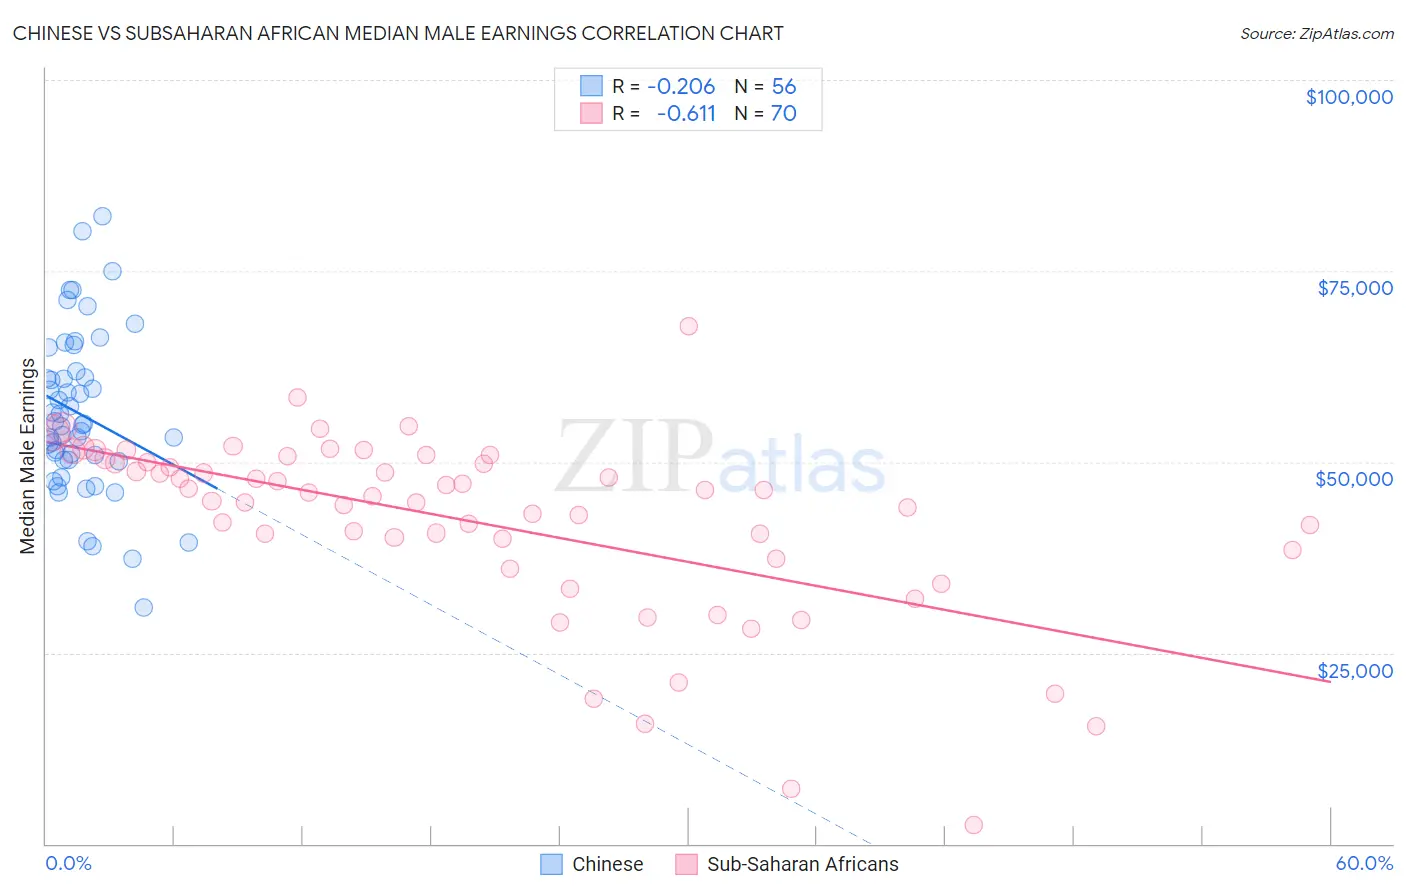 Chinese vs Subsaharan African Median Male Earnings
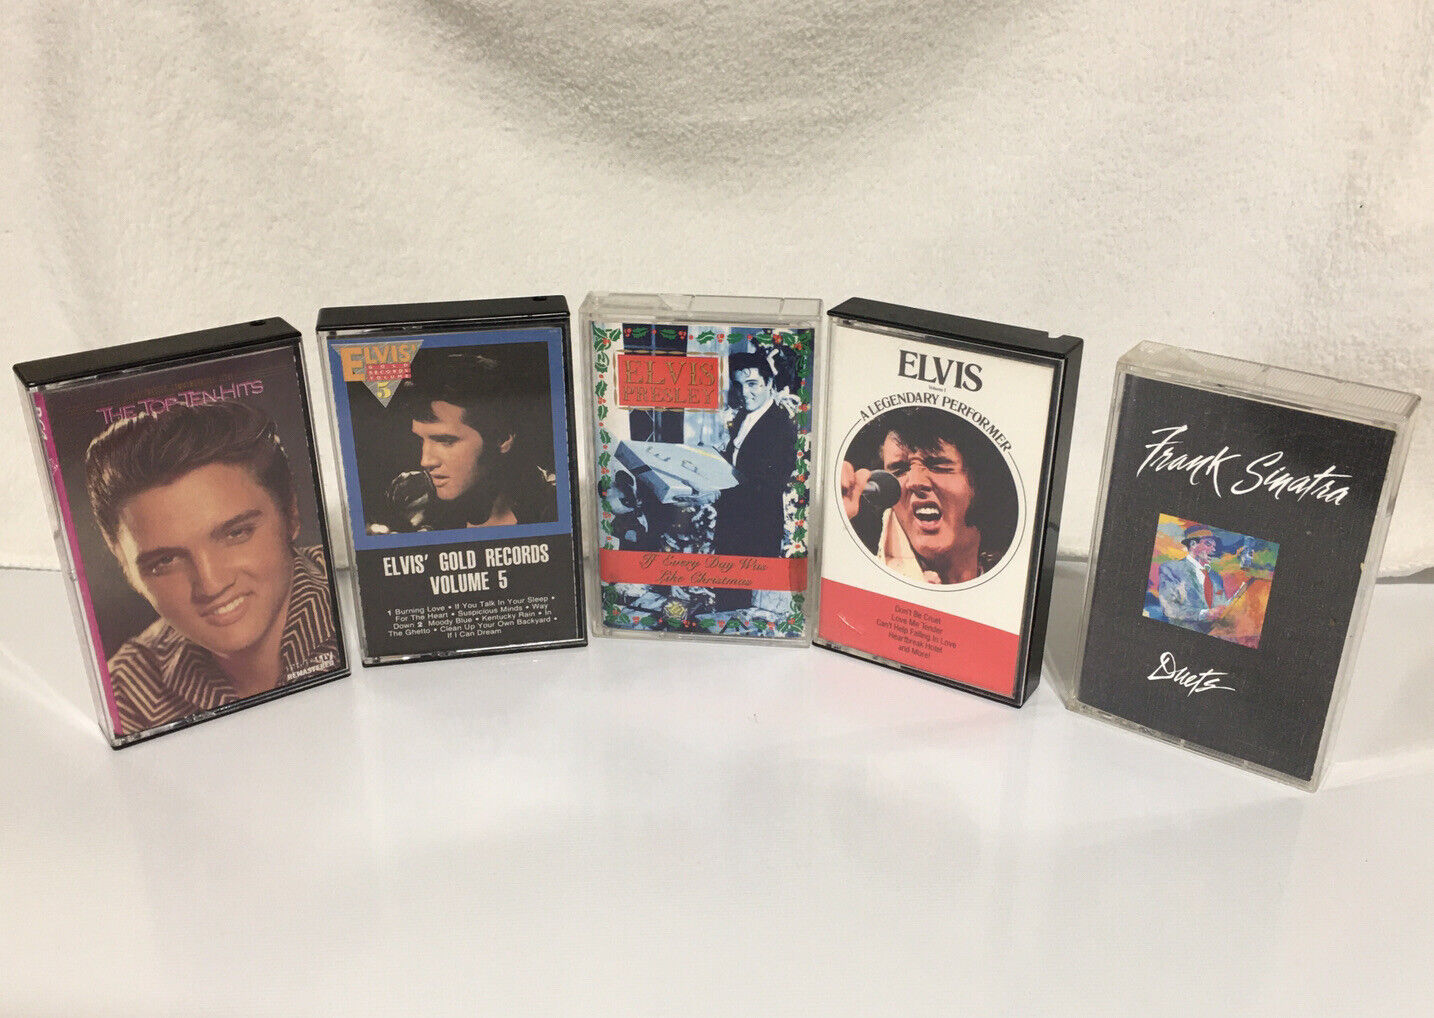 Gifts Lot of 4 ELVIS PRESLEY 1 Tapes Sinatra Frank price Audio Cassette
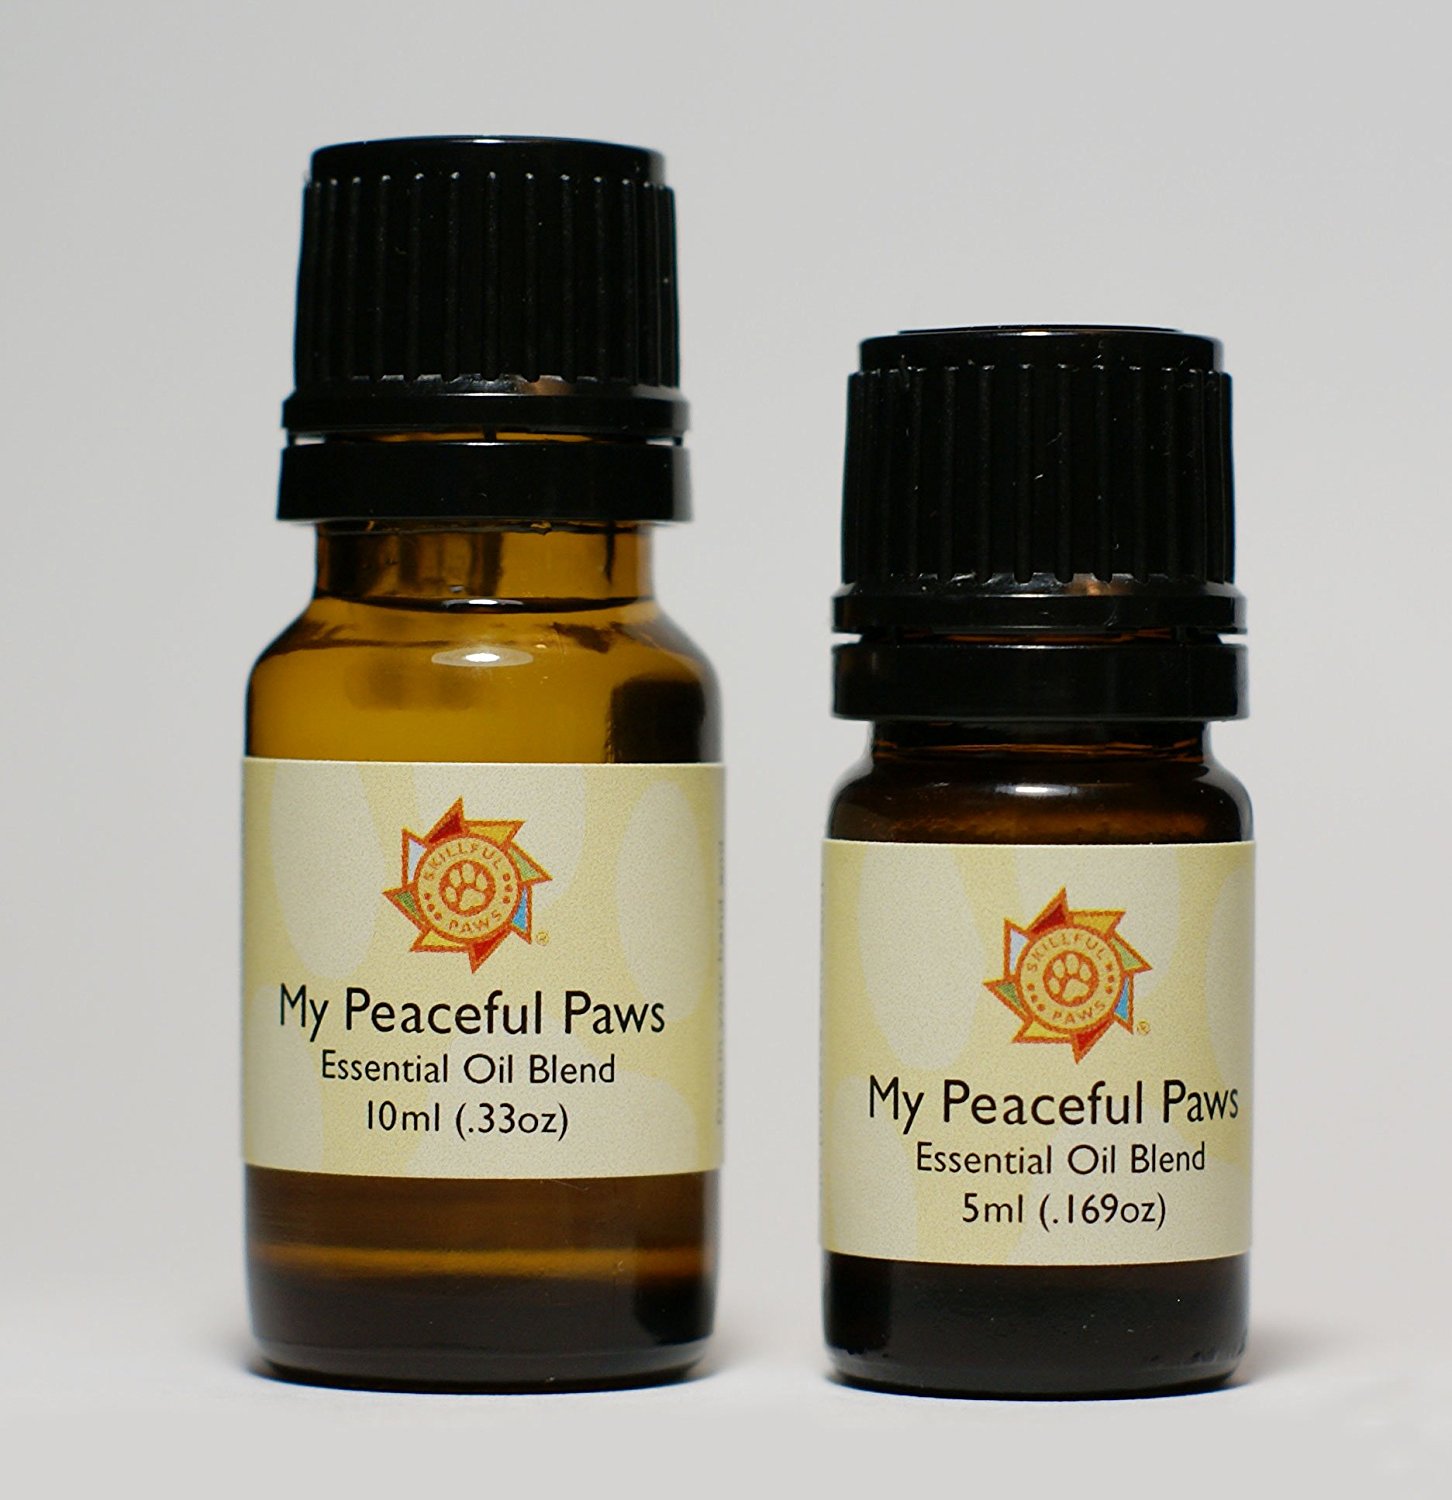 My Peaceful Paws oil blend

Exercise requirements:
Retype the listing exactly. Leave out its pictures.

Answer section:
 Chinese vs Subsaharan African Median Male Earnings
 Gifts Lot of 4 ELVIS PRESLEY 1 Tapes Sinatra Frank price Audio Cassette
 My Peaceful Paws oil blend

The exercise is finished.